Fill dirt should be as free of organic matter as possible since organic matter will decompose creating pockets of empty space within the fill which could result in settling. Uneven or excessive settling of the fill can result in damage to any structures built on the fill.

A common use of fill dirt is in highway maintenance to build up the shoulders of highways so that the ground on either side of the pavement is at the same level as the pavement itself and that the highway shoulders are sufficiently wide as to allow vehicles room to pull off of the highway if needed.

A second common use of fill dirt is to fill in a low lying construction site to raise the level of the building foundation in order to reduce the chances of flooding. Several massive uses of fill dirt are with improvements to the Port of Seattle Sea-Tac Airport, the addition of a new runway to the Hartsfield-Jackson Atlanta International Airport in Atlanta, Georgia, and the Shin Kansai Kuko or New Osaka Airport off the coast of Japan, a project involving the creation of a new man-made island of some five square kilometers.

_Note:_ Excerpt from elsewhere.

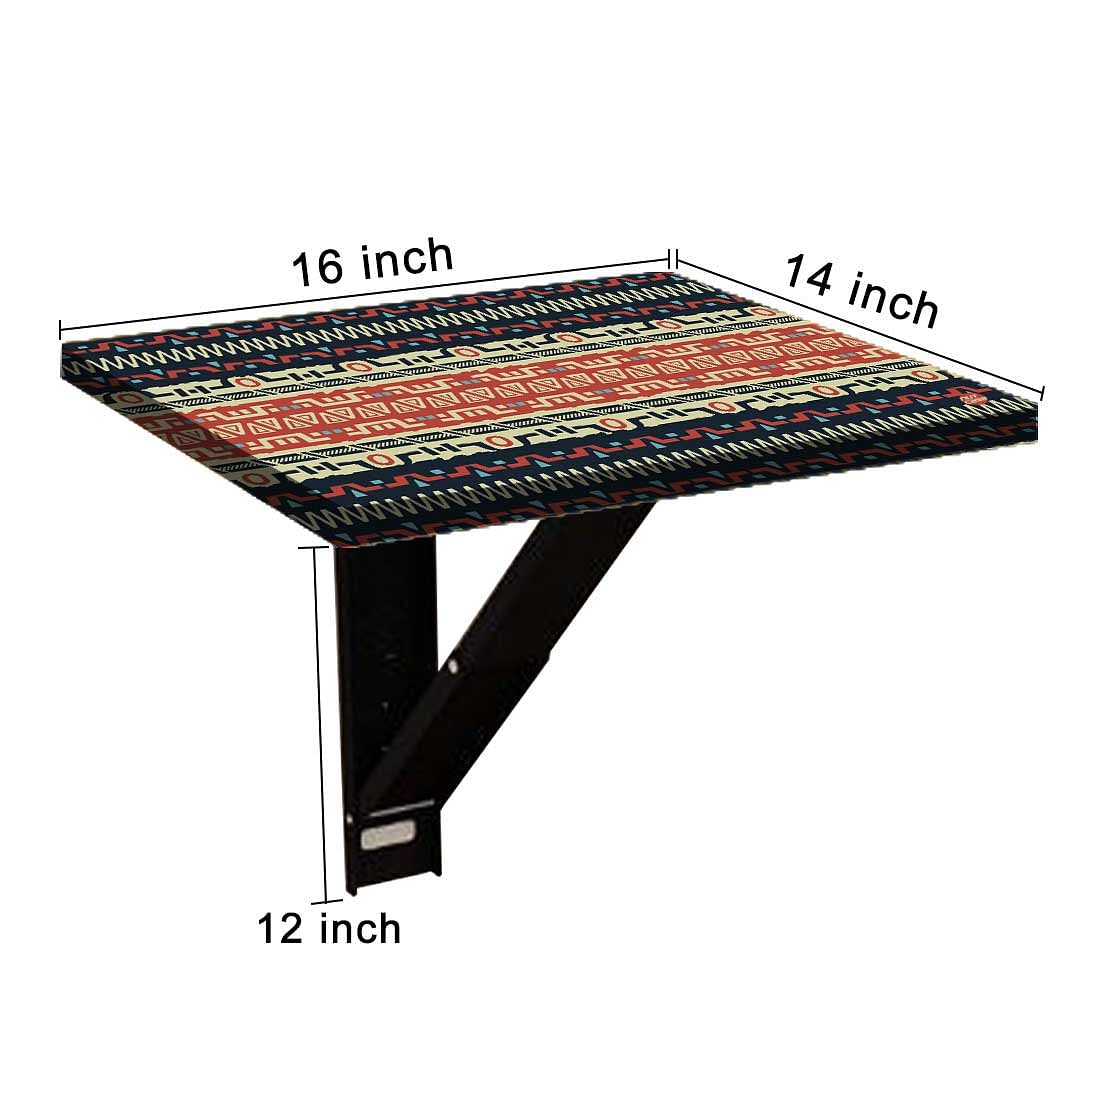 Bedside Table for Bedroom  - Ethnic Design Nutcase

Fill dirt is most often mined from commercial sand and gravel mines then imported to the project site, and must meet specifications for gradation outlined by the Project's Geotechnical Engineer. The logistics and availability of fill dirt material has become a growing concern for the commercial sand and gravel industry in recent years as the need for fill material has surged and the available resources in mines are depleted. This directly impacts the public and end-user as the cost of construction increases due to the logistical challenges of importing material from greater distances as materials grow more scarce.

In an effort to combat the costs and increasing logistical challenges related to dwindling sand and gravel stockpiles, some services are offering contractors and the public a way to exchange fill dirt materials in addition to locating operating sand and gravel mines. Internet based services such as Site Import Export and Free dirt [1] allow consumers and contractors a way to locate free fill dirt by connecting them with another contractor or consumer in need of a dump site on a nearby project.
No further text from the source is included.